For Dell, this partnership reflects our dedication to leveraging technology and transforming the lives of 1 billion people globally by 2030. The Digital LifeCare team at Dell collaborates with healthcare providers, the government, and the technology community in both the public and private sectors to deliver high-quality and effective results. The development of the Digital LifeCare platform was made possible through the use of collaborative design thinking with various entities including the government, non-government organizations, and institutes like NHSRC, AIIMS, ICMR, World Health Organization India office, among many other health research organizations across India.

​​What are some of the technology trends that we are witnessing across the healthcare sector in India? How will these trends shape the future of the ecosystem?

With technology continuing to be the underlying factor, the healthcare landscape in India will see significant changes, particularly in terms of patient monitoring and treatment compliance. More importantly, technologies like 5G, AI, and IoT, will improve the speed, access, and overall efficiency of the healthcare ecosystem.

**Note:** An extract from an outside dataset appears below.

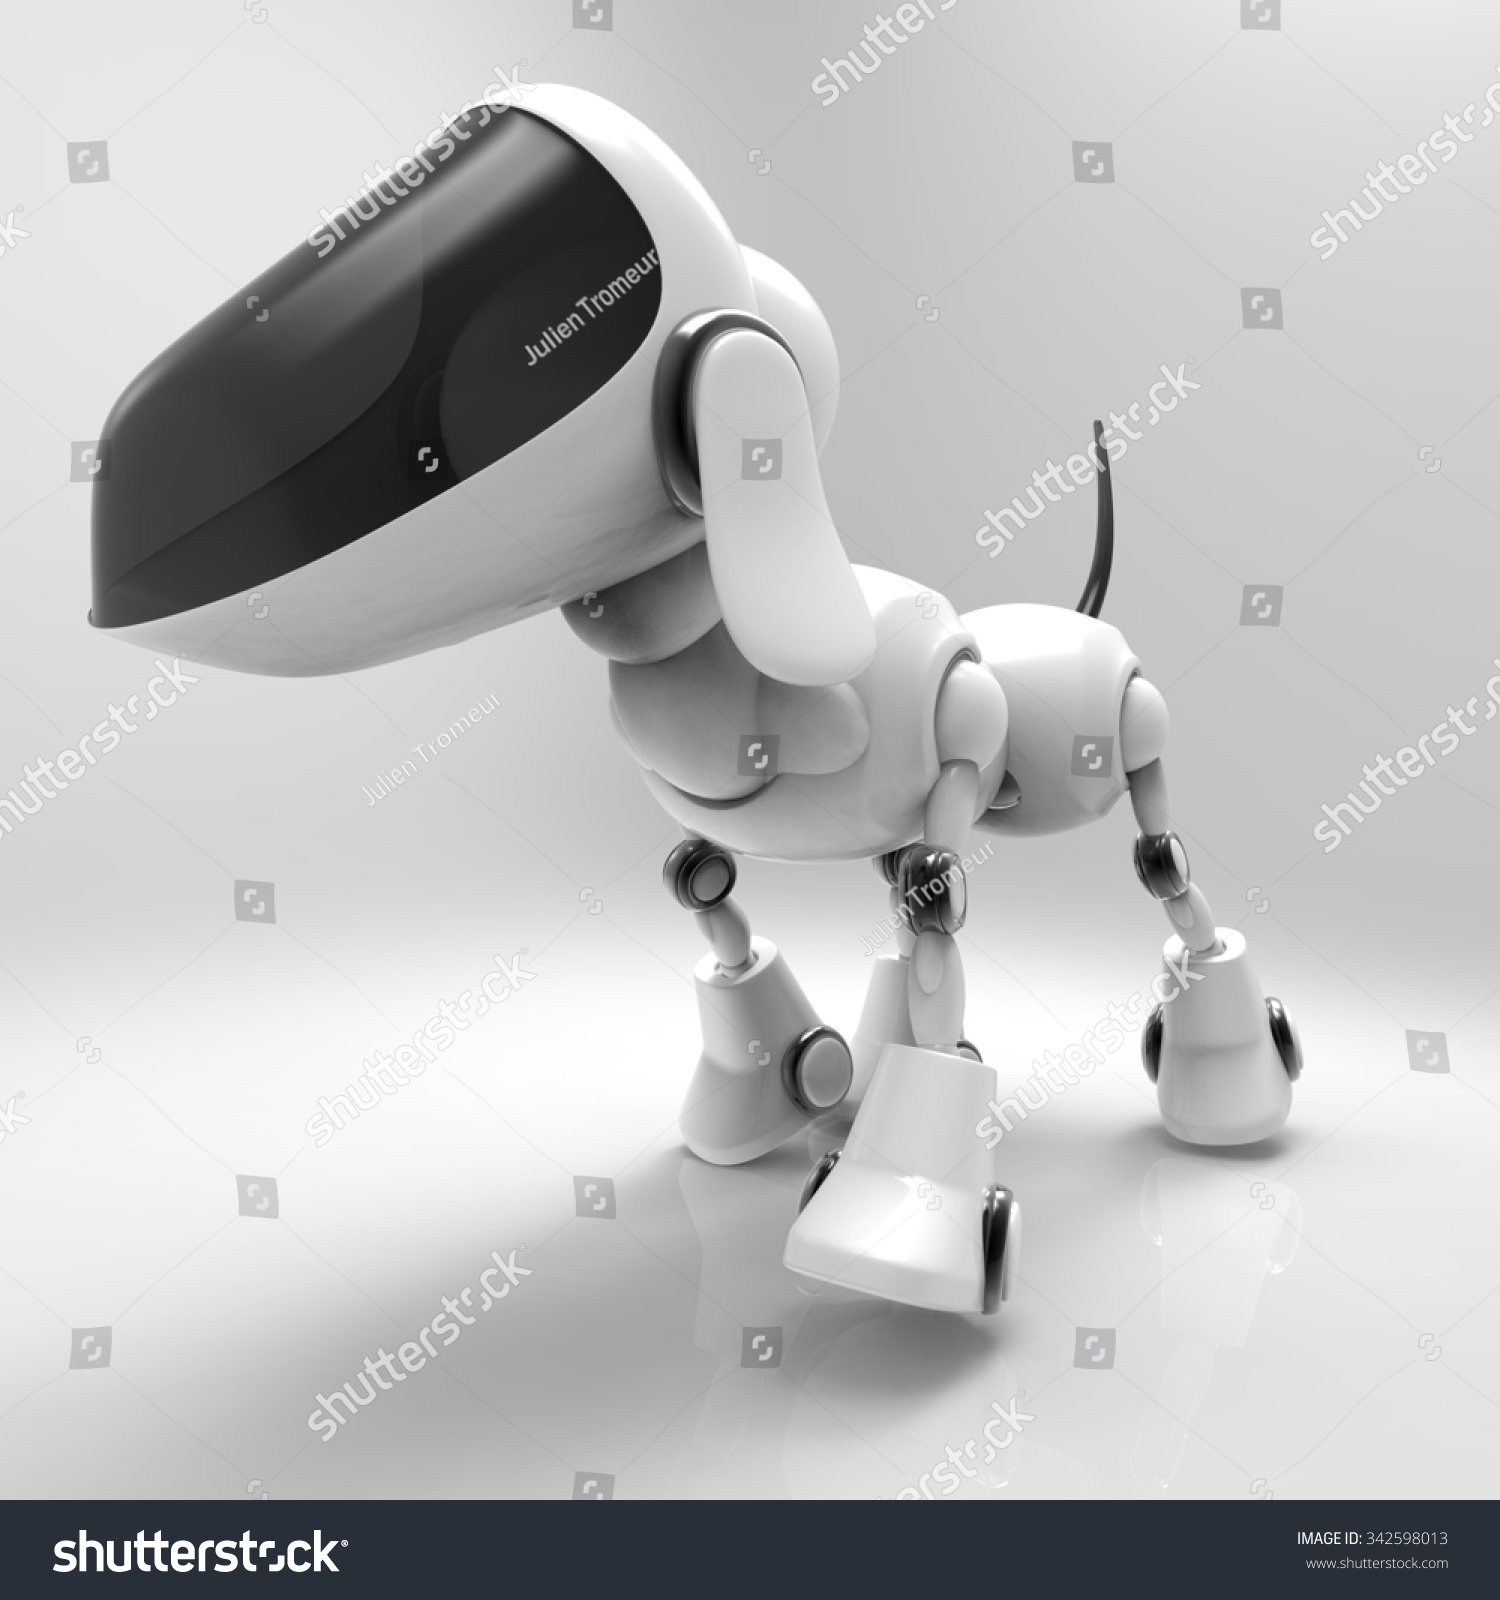 creating a robot pet dog essay

​​AI and IoT devices combined with 5G will enable seamless patient monitoring

Wearables and AI-enhanced apps have the potential to be used in urban areas on a large scale to analyze medical data and assist doctors in making more accurate diagnoses, while also providing patients with a detailed analysis of their health status in terms of heart rate, sleep score, oxygen level, blood pressure, and so on. Furthermore, while AI and IoT devices will eventually provide doctors with actionable insights, they will also reduce the number of times patients must visit healthcare centers for check-ups. Large hospital groups and healthcare professionals are already embracing engagement technology tools to provide patients with reliable information. However, to ensure more holistic management of NCDs, it is important to equip the frontline healthcare providers in rural areas with tech-enabled diagnostic tools that can assist in early identification of risk factors, timely access to care and treatment adherence. Most importantly, the incorporation of 5G will allow for faster data transfers with healthcare providers, paving the way for improved remote care.  The introduction of connected ambulances with 5G network and patient monitoring applications is an excellent example of using technology to provide healthcare services at every touchpoint.

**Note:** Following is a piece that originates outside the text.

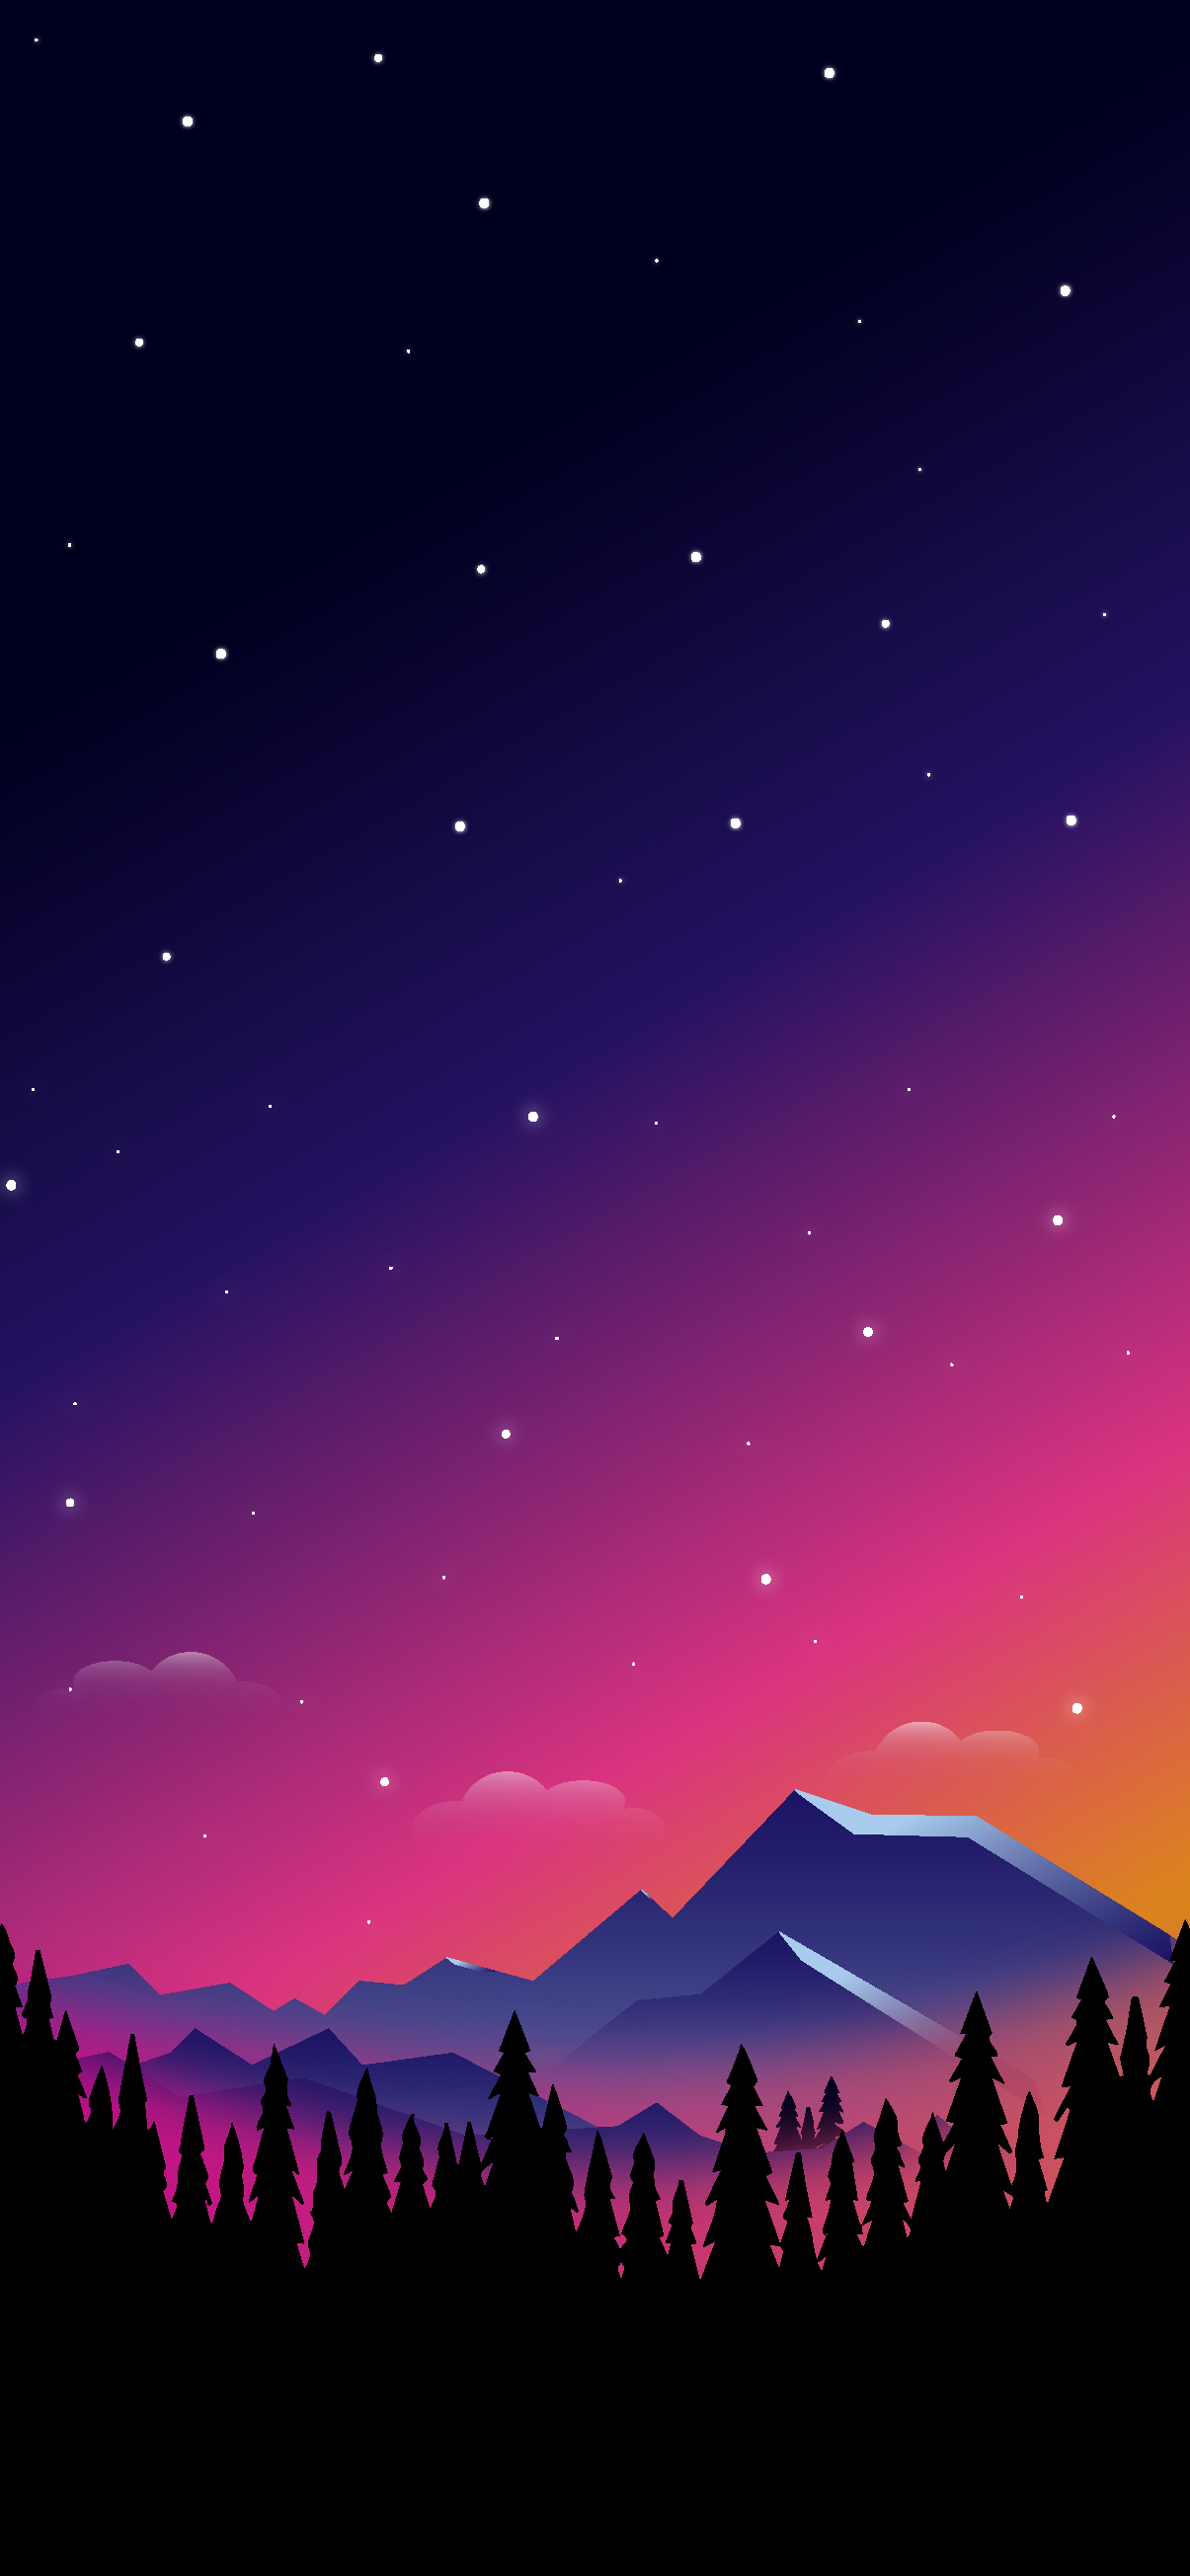 Wallpaper iphone landscape HD 1

​​Edge computing for effective data storage and management

With the rising dependency on AI and IoT-enabled devices, comes a substantial increase in the production of patient-generated health data, further necessitating solutions for data storage and management. The IDC estimates that the data generated by IoT will reach 79.4 zettabytes by 2025. Edge data centres can help manage and analyze this data collected by sensors and other medical devices closer to the patients themselves, reducing latency and enhancing efficiency. Many healthcare IT specialists believe that this proximity of computing and storage resources has the potential to revolutionize the healthcare sector by delivering almost instantaneous processing.